## Your goal
Write out each line below precisely, passing over the pictures.

## Collected material

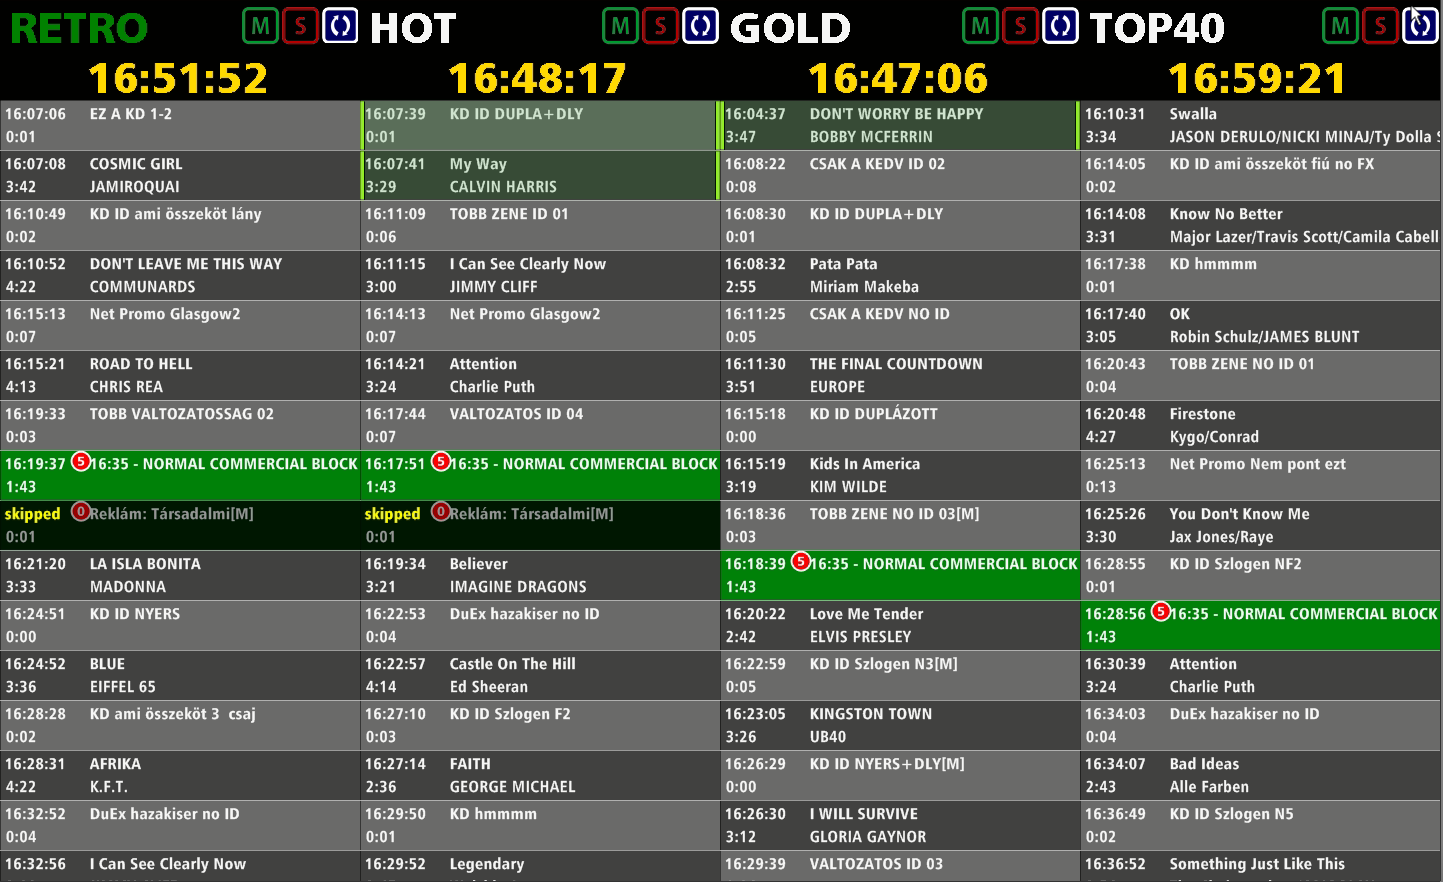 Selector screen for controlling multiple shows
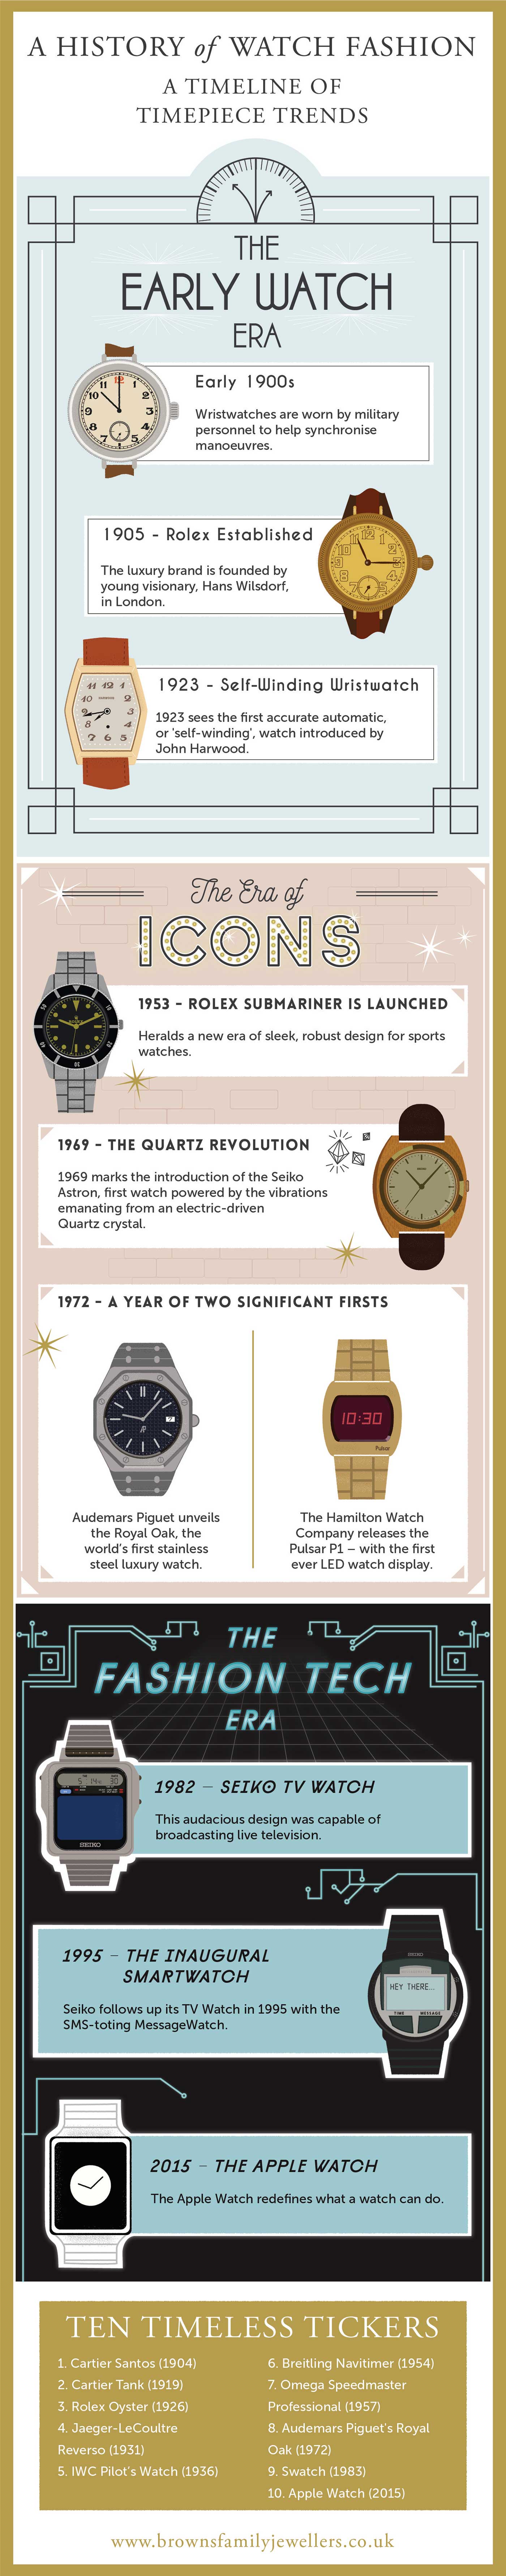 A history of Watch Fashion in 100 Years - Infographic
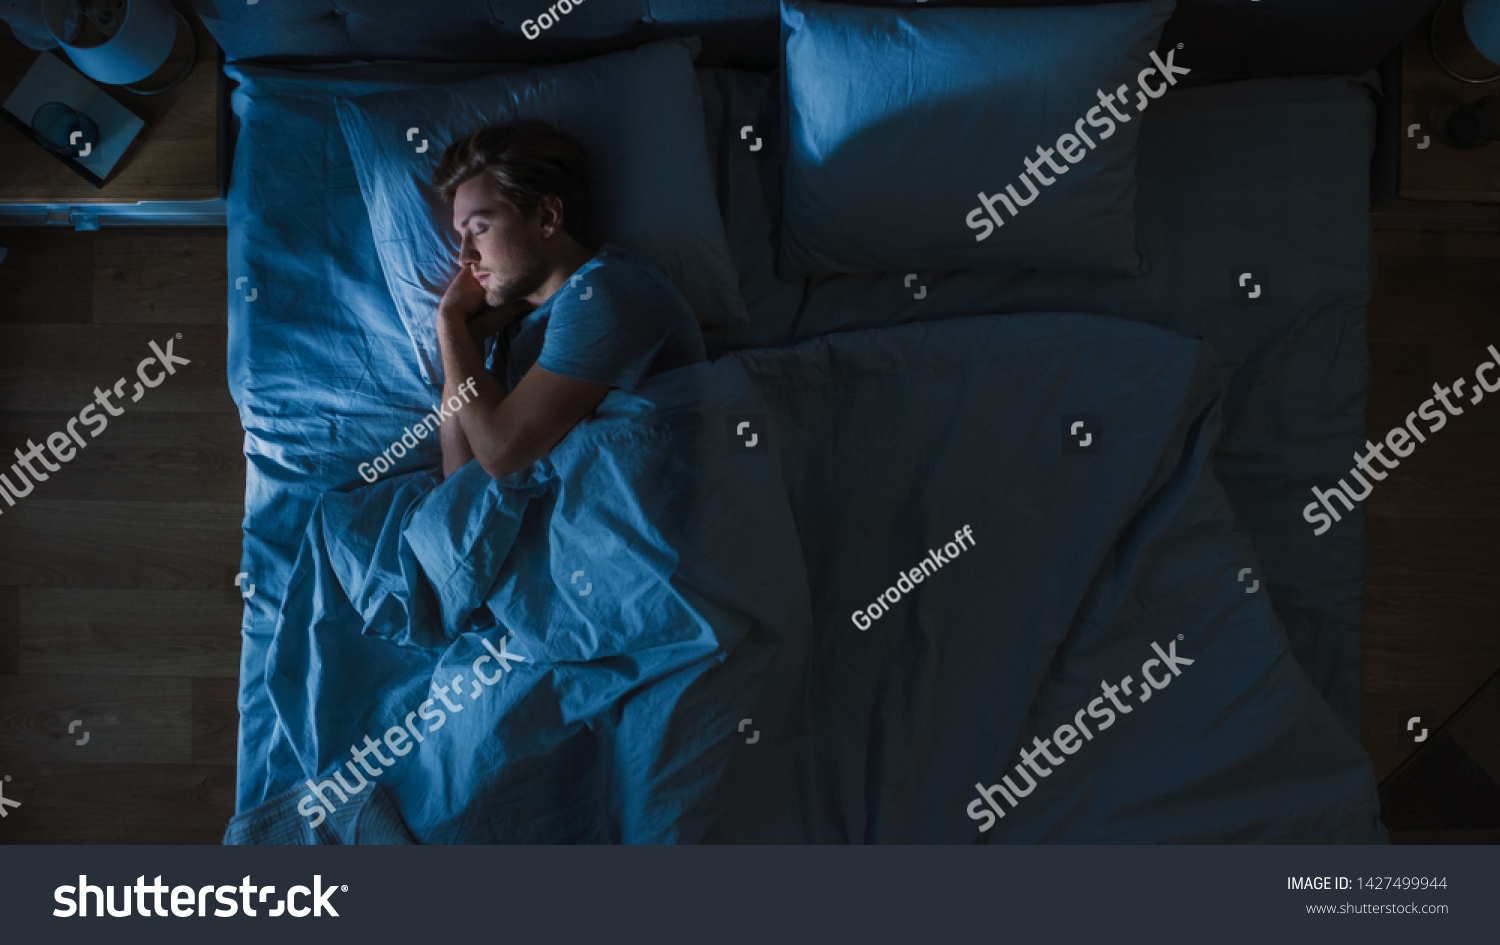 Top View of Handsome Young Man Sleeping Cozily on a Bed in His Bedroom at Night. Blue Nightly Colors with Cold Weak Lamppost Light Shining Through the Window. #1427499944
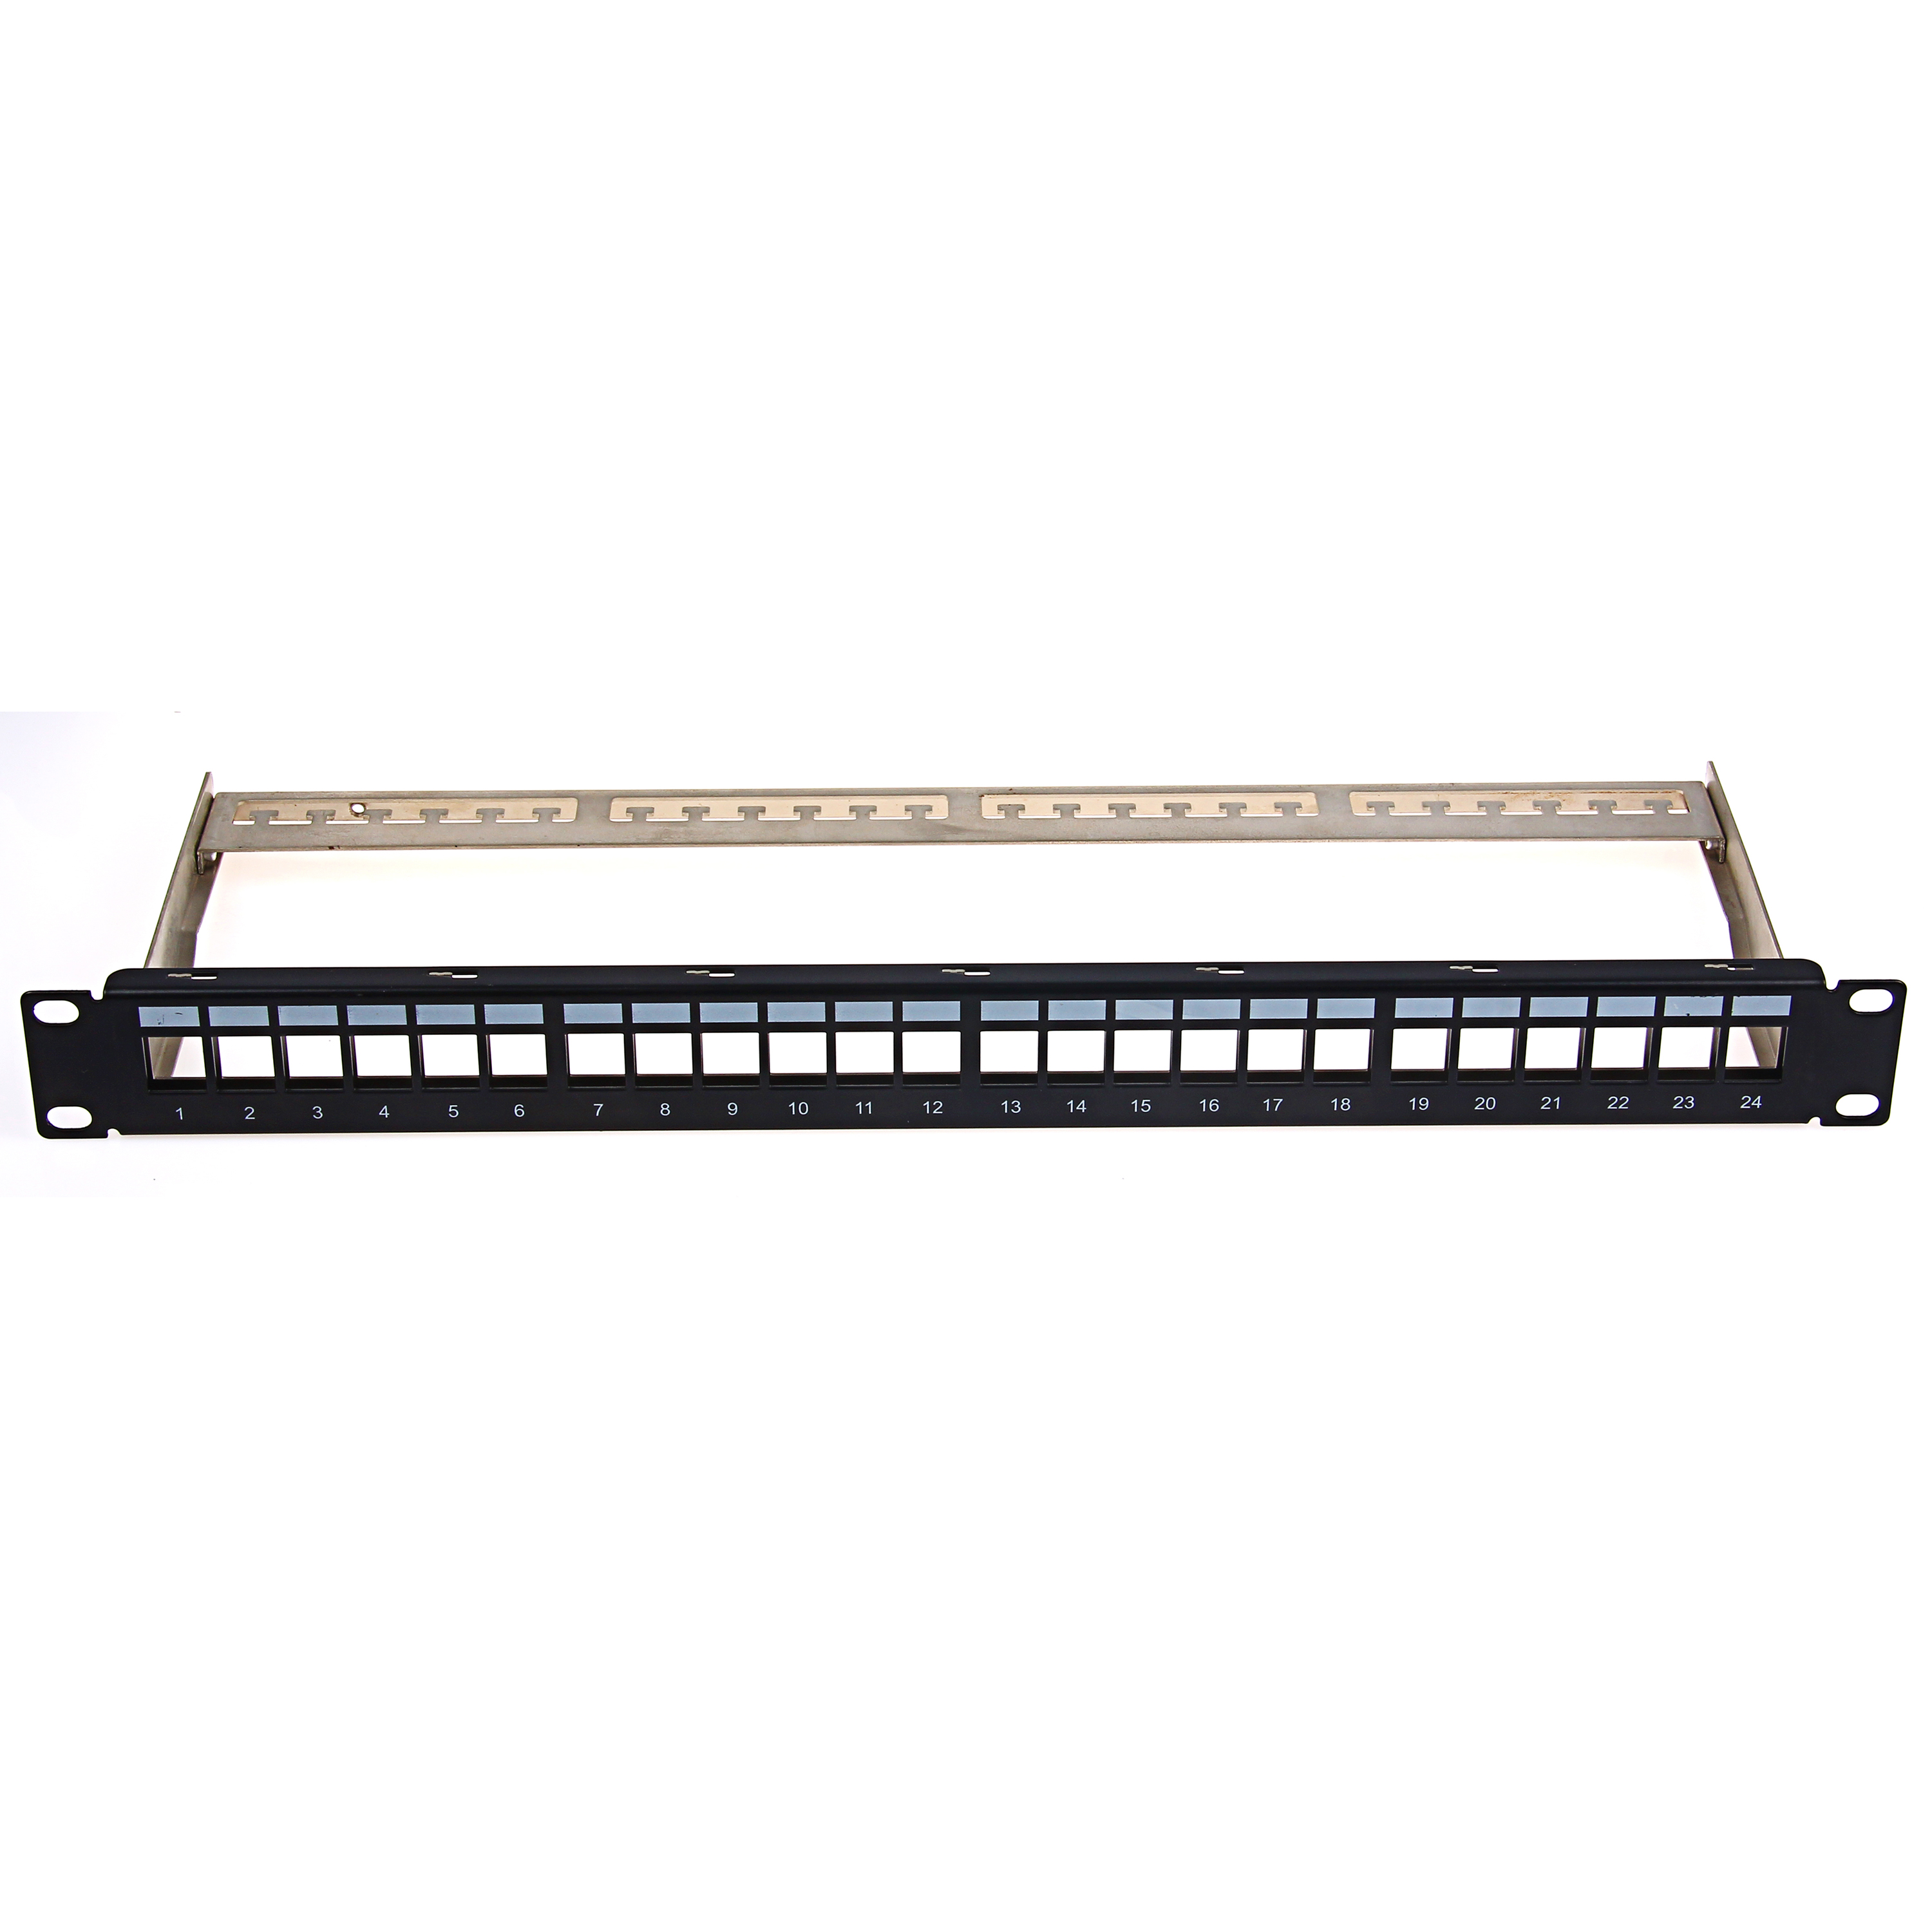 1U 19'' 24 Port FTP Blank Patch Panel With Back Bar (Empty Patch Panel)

## Answer for this exercise
 Selector screen for controlling multiple shows
 A history of Watch Fashion in 100 Years - Infographic
 Top View of Handsome Young Man Sleeping Cozily on a Bed in His Bedroom at Night. Blue Nightly Colors with Cold Weak Lamppost Light Shining Through the Window. #1427499944
 1U 19'' 24 Port FTP Blank Patch Panel With Back Bar (Empty Patch Panel)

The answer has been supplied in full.